A vast majority of people here but not all will recommend shying away from Spike's Delight because of an incident where bones were found in multiple packages of food and when confronted about it they company didn't seem to care.

In addition its not always the easiest food to get ahold of I know Hedgehog's by Vickie sells it and I refuse to support someone who promotes bad cages and information on hedgehogs and has very questionable breeding habits.

A lot of people do their own mix and freeze the food to help it last longer 

The norman's mix seems great aside from some people finding in individual cases that wellness causes some icky stool


----------



## Kalandra (Aug 25, 2008)

Are you referring to the batch that was distributed at the Milwaukee hedgehog show in 2010? If so, those pieces were not bone, the analysis of the hard pieces in the kibble was that they were plant matter. It was thought to be soybean meal, blood meal and feed grade oat meal. They were quite sharp and looked like bone, but when soaked they softened. 

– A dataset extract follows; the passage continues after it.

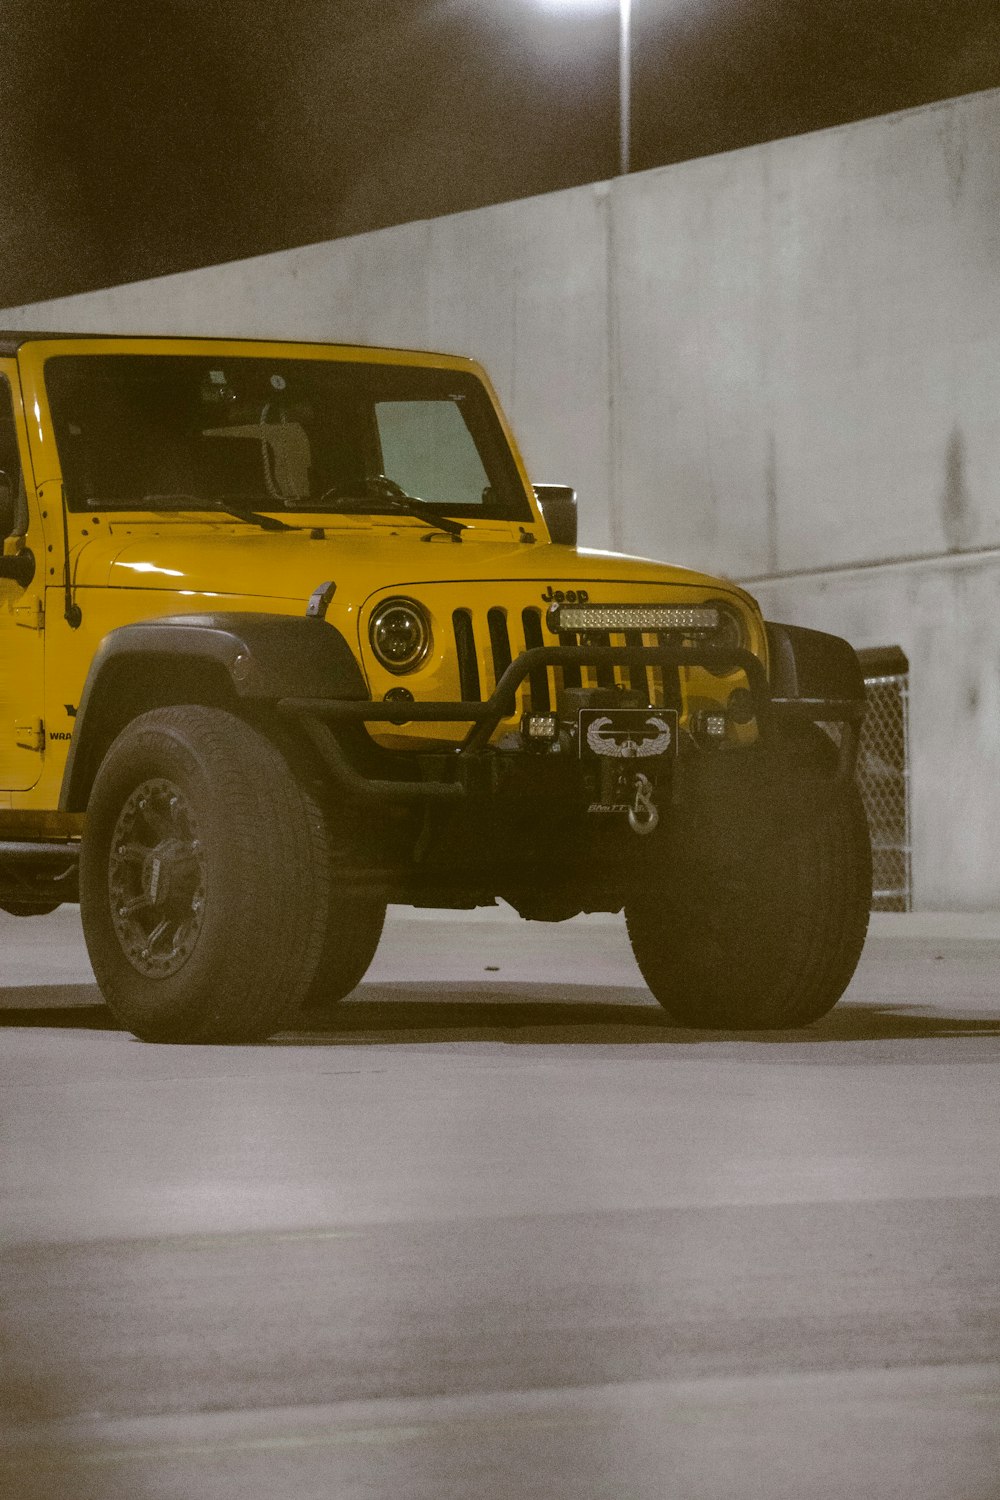 a yellow jeep parked in a parking garage

I had a bag that we won at the show at that time, and those pieces made hedgehog quills seem dull. There was a couple of hedgehogs that had mouth issues and Spikes was being blamed for it.

Honestly I don't care much for the food. The few times I have had it, my hedgehogs really didn't like it. 

The Dorman's mix looks fine to me.


----------



## brittaddair (Aug 26, 2011)

Thank you both! I ordered the Dorman's mix. Hopefully Oakley will like it =]


----------